Analysis by Simone McCarthy, CNN

Hong Kong (CNN) — As Russian President Vladimir Putin makes his first visit to North Korea in more than two decades, his focus is widely seen to be on securing ongoing support from the hermit nation for his grinding war in Ukraine.

Putin ramped up his outreach to North Korean leader Kim Jong Un last year as his weapons stockpiles dwindled – and munitions and missiles have flowed from the country to Russia since a landmark summit between the two leaders in September, multiple governments say, even as both Pyongyang and Moscow deny the transfers.

But while the leaders’ meeting in the globally isolated, Soviet-style capital of Pyongyang provides an opportunity for the two autocrats to discuss how to expand that cooperation, observers say it will have consequences far beyond the battlefield in Ukraine.

Putin’s arrival in Pyongyang in the early hours of Wednesday local time for the two-day visit marks a significant step forward for a partnership founded on shared hostility to the West and its allies – one that empowers both leaders and deepens global fault lines.

The two are expected to ink a new strategic partnership agreement, with Putin saying ahead of the visit that they would “shape the architecture of equal and indivisible security in Eurasia,” according to the Kremlin.

“The relationship is not just about necessity,” said Edward Howell, a lecturer in politics at the University of Oxford in the United Kingdom, who focuses on the Korean Peninsula. “We are seeing the two states forge an increasingly concerted united front and alignment against the United States and the West.”

These divisions were only underscored by the timing of the visit, which comes on the heels of Putin’s meeting with close ally Chinese leader Xi Jinping last month and after democratic leaders from the Group of Seven (G7) used a summit in Italy to again show their solidarity against Moscow’s war.

It also comes as North Korea has railed against growing security cooperation between the US and its allies South Korea and Japan, raising concerns with its escalated rhetoric and ongoing tests to bolster an extensive illegal weapons program.

It remains publicly unknown just what Pyongyang is receiving in return for its support for Russia’s war.
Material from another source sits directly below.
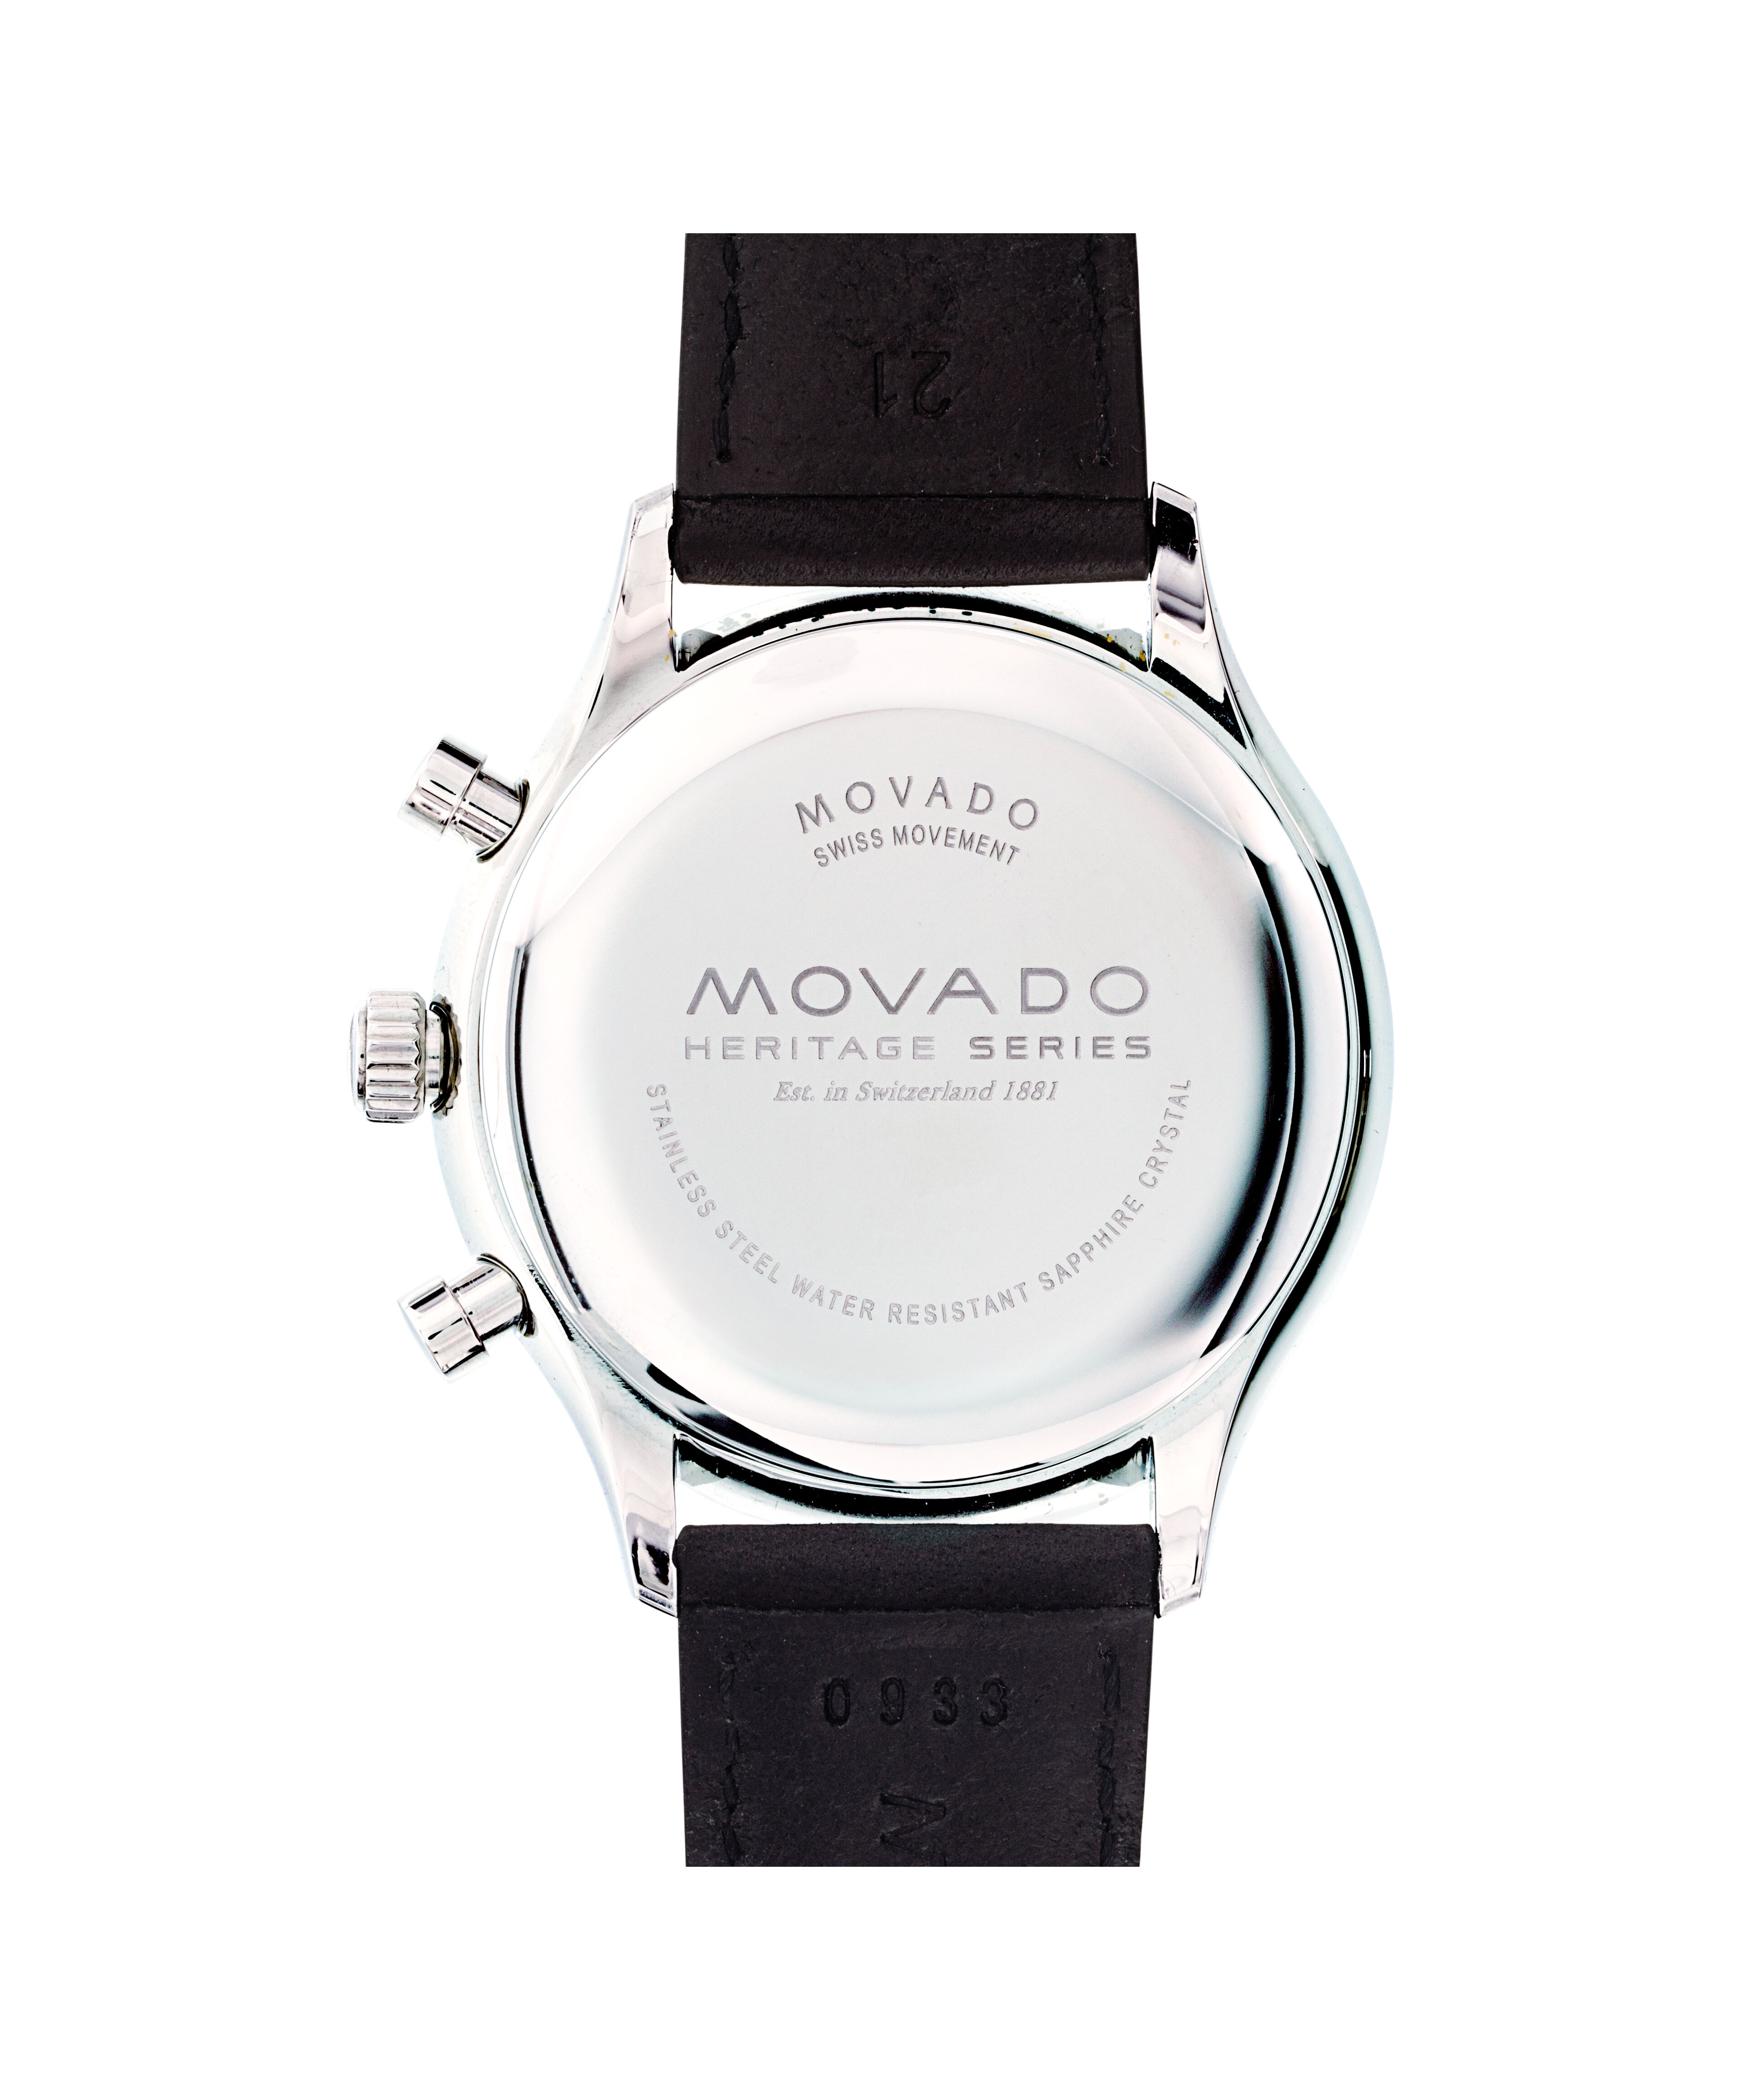 Movado - Elliptica / SWISS made / MEN`s / RARE vintage / SAPPHIRE crystal / ORIGINAL bracelet

But governments from Seoul to Washington will be watching closely for signs of how far the warring Russian leader, who in the past supported international controls on North Korea’s illegal weapons program, is willing to go to back Kim’s bellicose regime.

What do Russia and North Korea want from each other?

In the months after Kim rode his armored train through the country’s Far East region for a landmark September summit with Putin, North Korean munitions appeared to pour into Russia – and be fired in its assault on Ukraine.

Russia has received more than 10,000 shipping containers – the equivalent of 260,000 metric tons of munitions or munitions-related material – from North Korea since September, according to a US statement in February. Russian forces have also launched at least 10 North Korea-made missiles on Ukraine since September, a US official also said in March.

The weapons may be of lesser quality than Russia’s own, but have helped Russia replenish its dwindling stockpiles and keep pace with the weapons support Ukraine is receiving from the West, observers say. The arrangement may also enable North Korea to gain real-world intel on the functioning of its weaponry and help it ramp up exports more broadly.

In an article published in North Korea state media ahead of the visit, Putin thanked Pyongyang for showing “unwavering support” for Russia’s war in Ukraine and said the two countries were “ready to confront the ambition of the collective West.”

Putin is widely seen as set to use his visit, which Kim invited him to make last September, to secure ongoing support.

Less is known about exactly what compensation Pyongyang has received so far in return. South Korean officials have said the North is receiving shipments of food and other necessities from Russia, and there is no shortage of needs for the sanctions-strapped economy, which in addition to food lacks fuel and raw materials – but also seeks to advance its space, missile and nuclear programs.

Putin signaled a willingness to assist North Korea in developing its space and satellite program during their September meeting, which took place, fittingly, at a rocket launch facility.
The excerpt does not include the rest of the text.